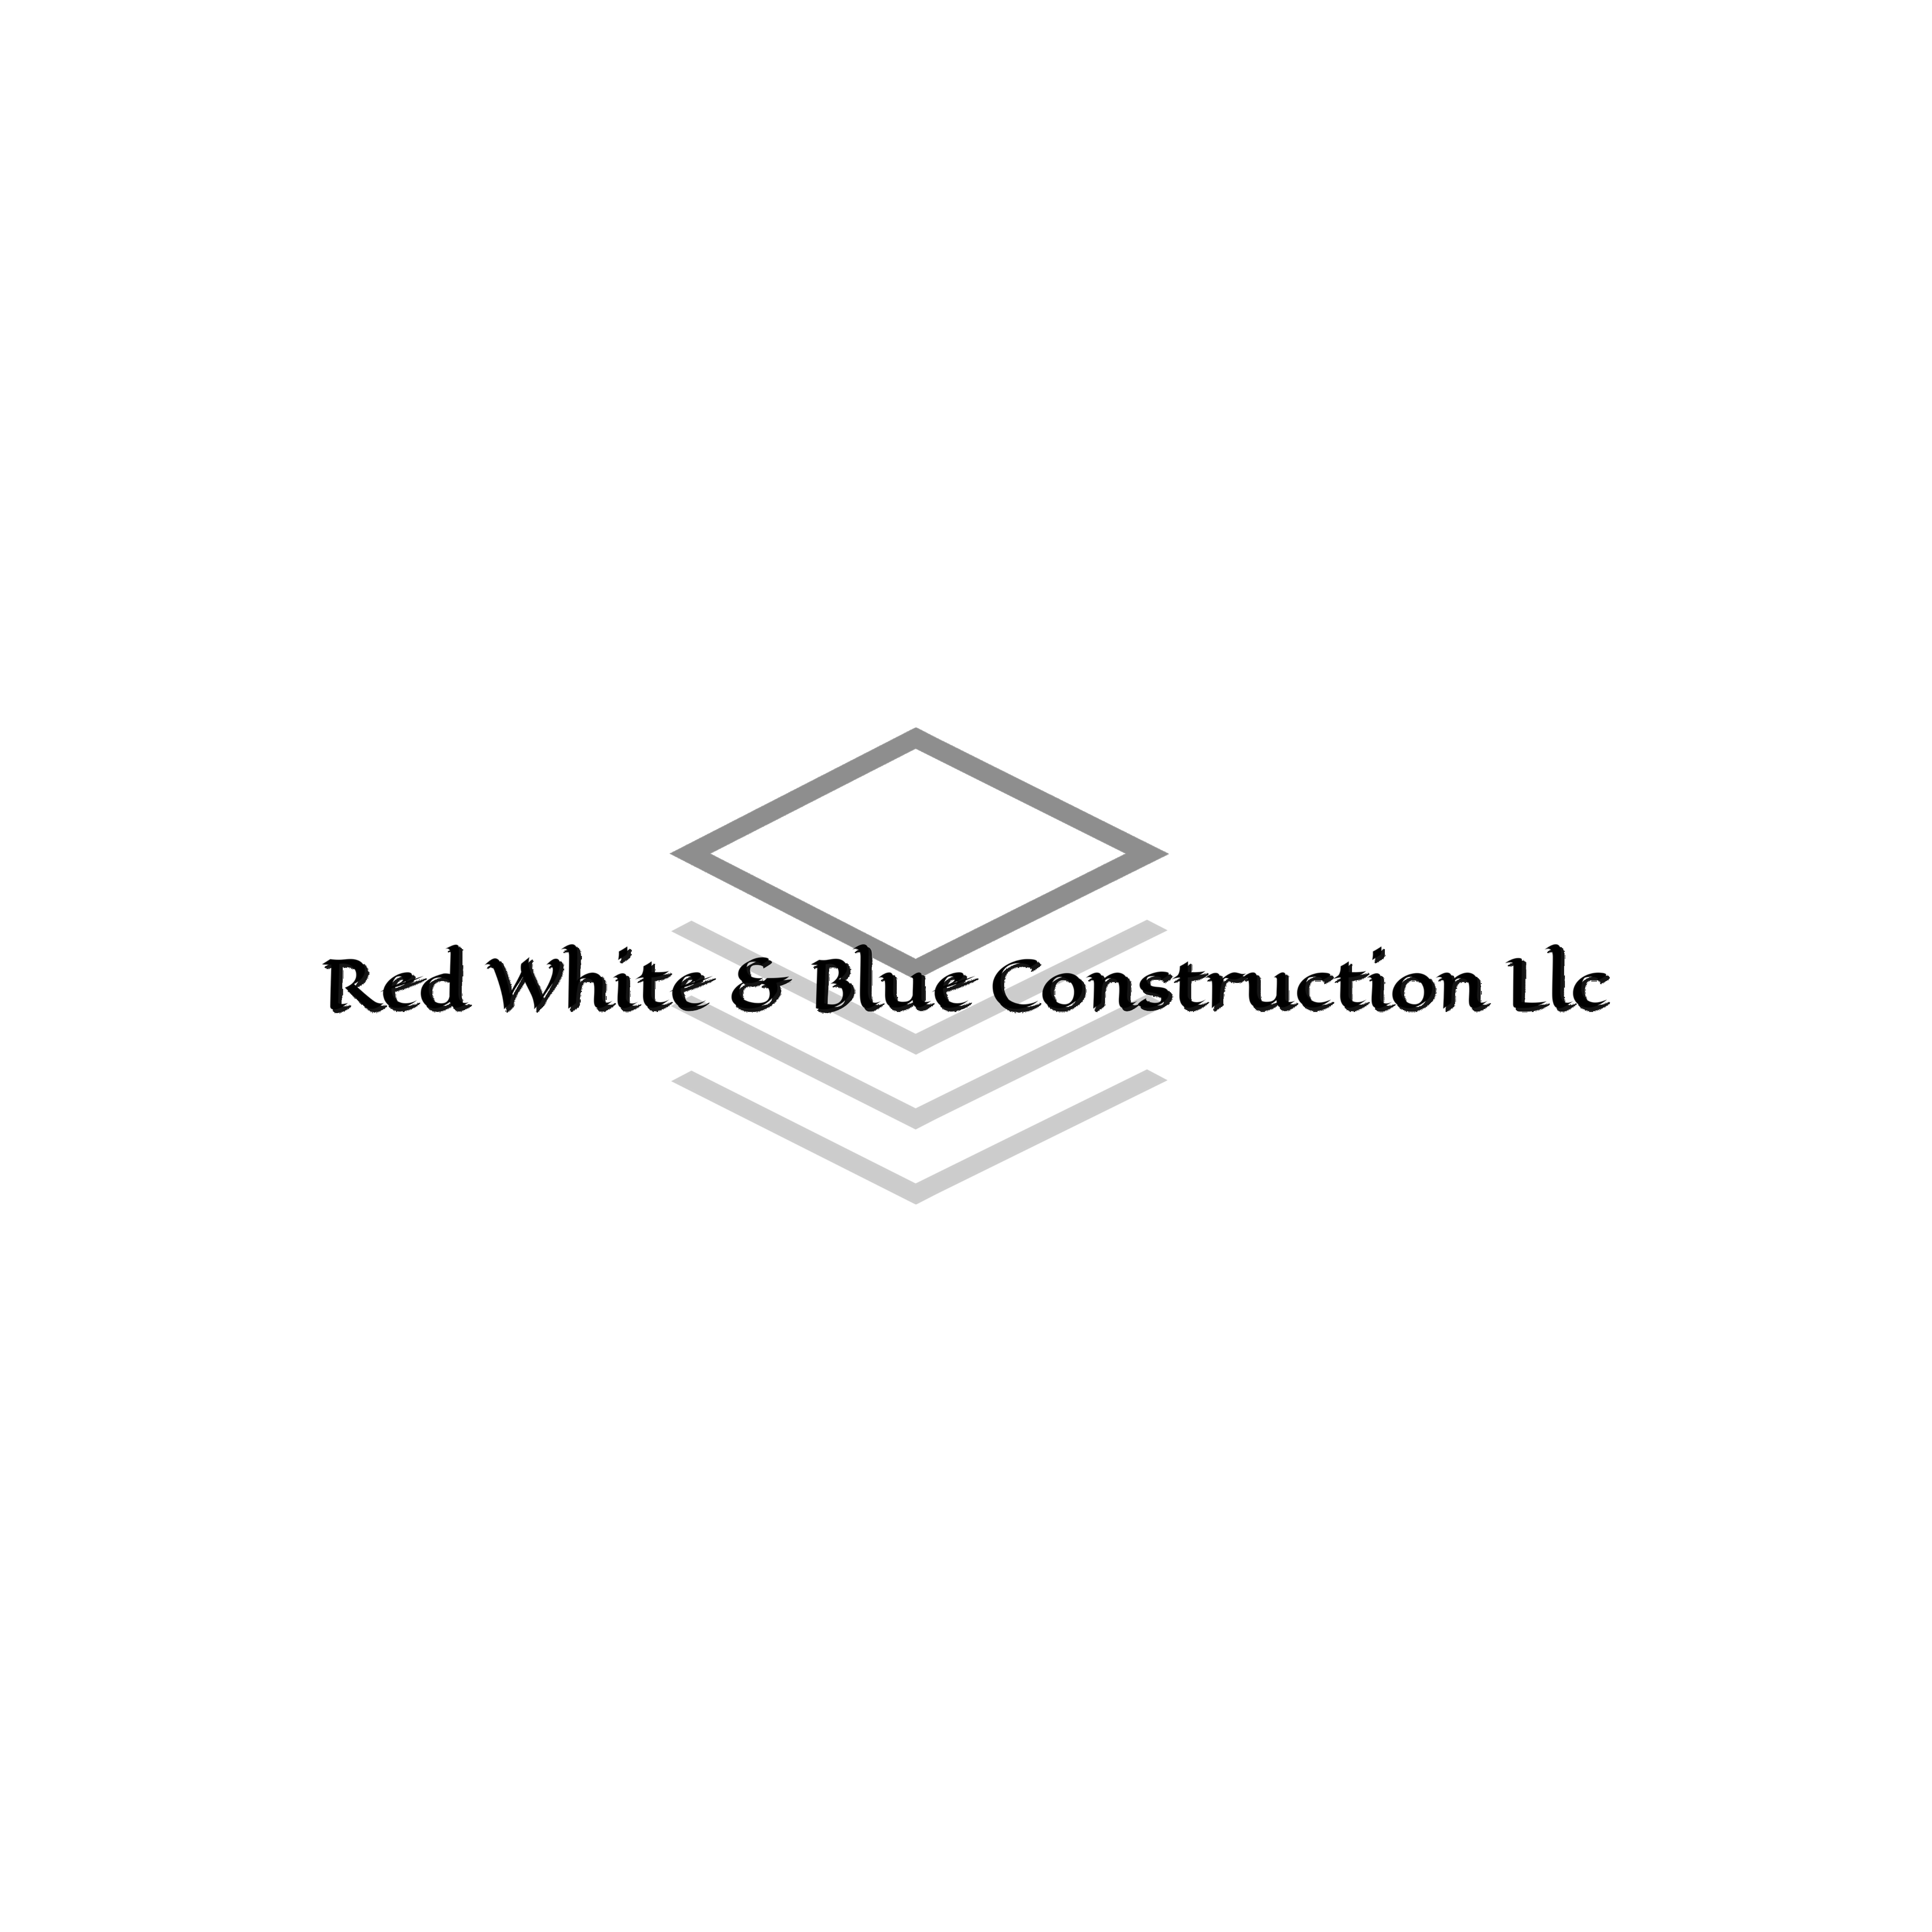 Red White & Blue Construction, LLC Logo
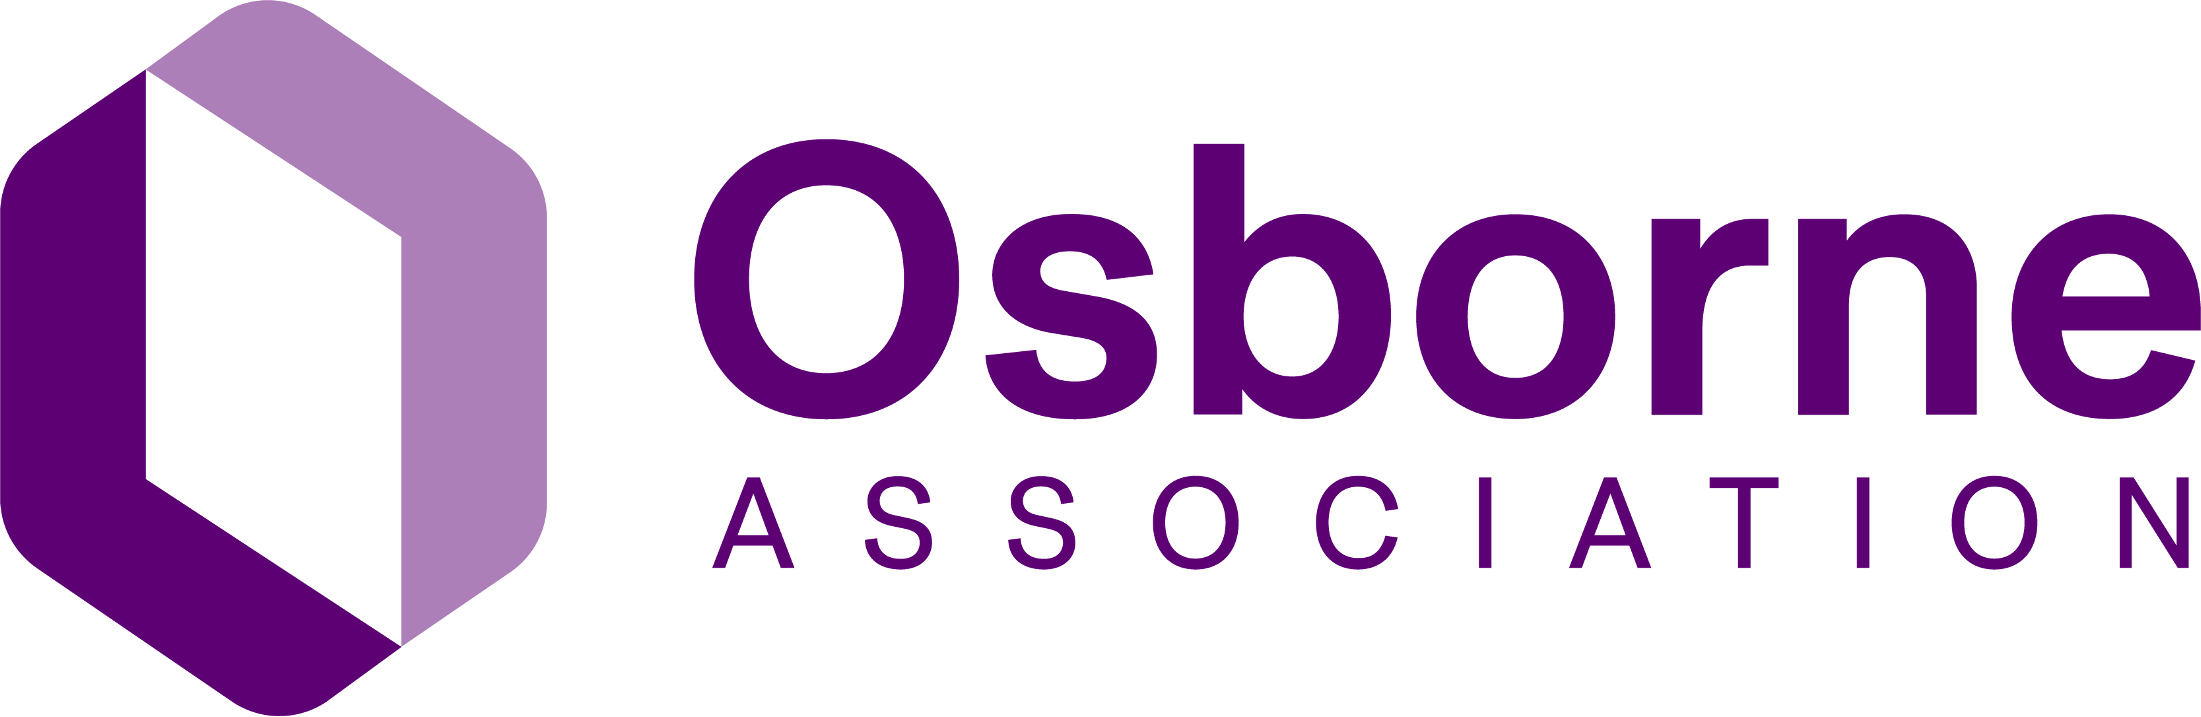 Osborne Association logo
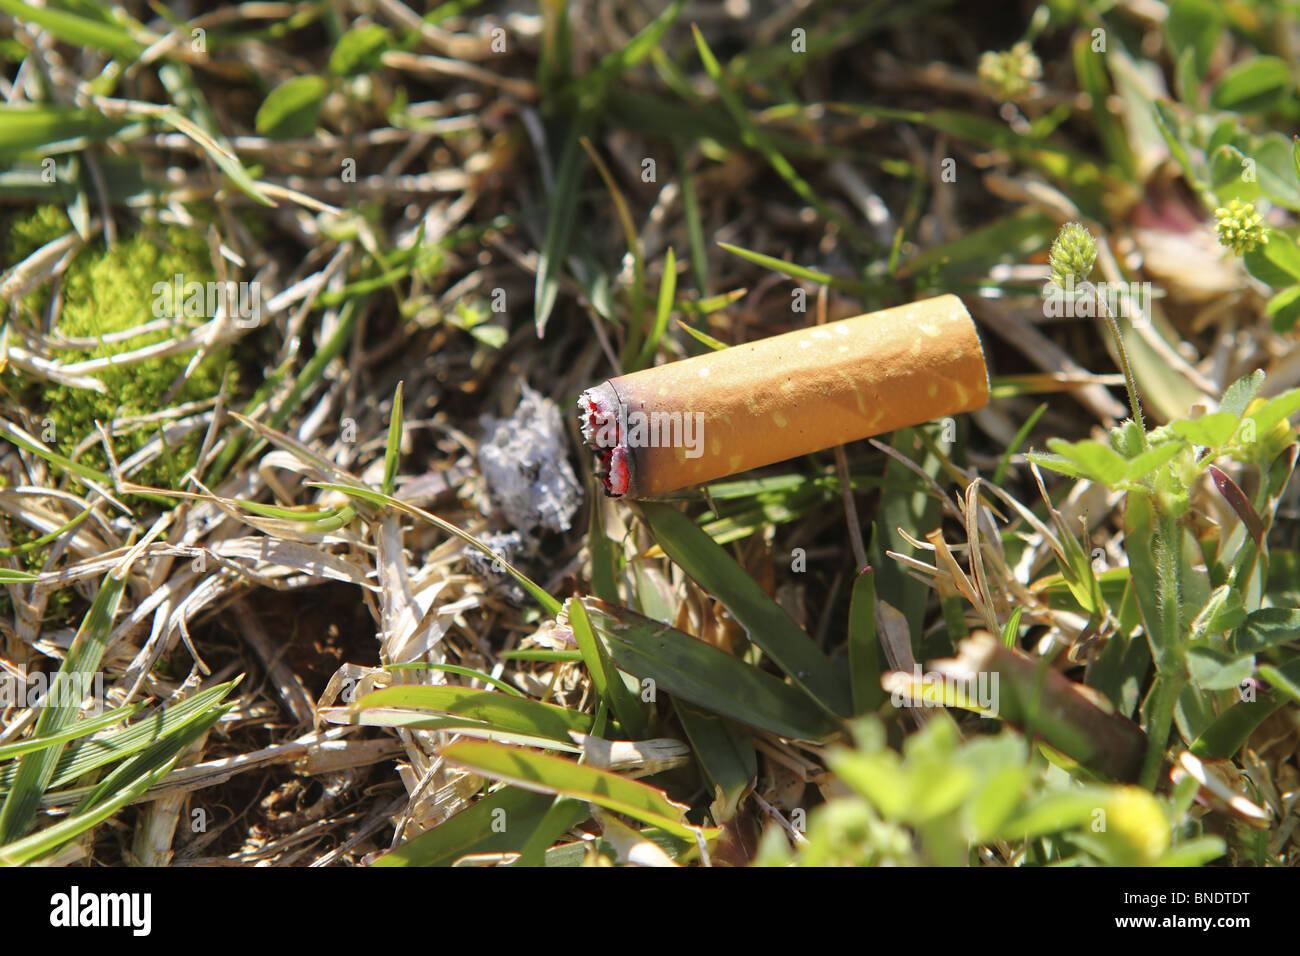 cigarette fire hazard on forest grass closeup detail Stock Photo

* * * *

WORK REQUIRED: Please copy out the material above exactly, with the images removed.

YOUR RESPONSE:
 Red White & Blue Construction, LLC Logo
 Osborne Association logo
 cigarette fire hazard on forest grass closeup detail Stock Photo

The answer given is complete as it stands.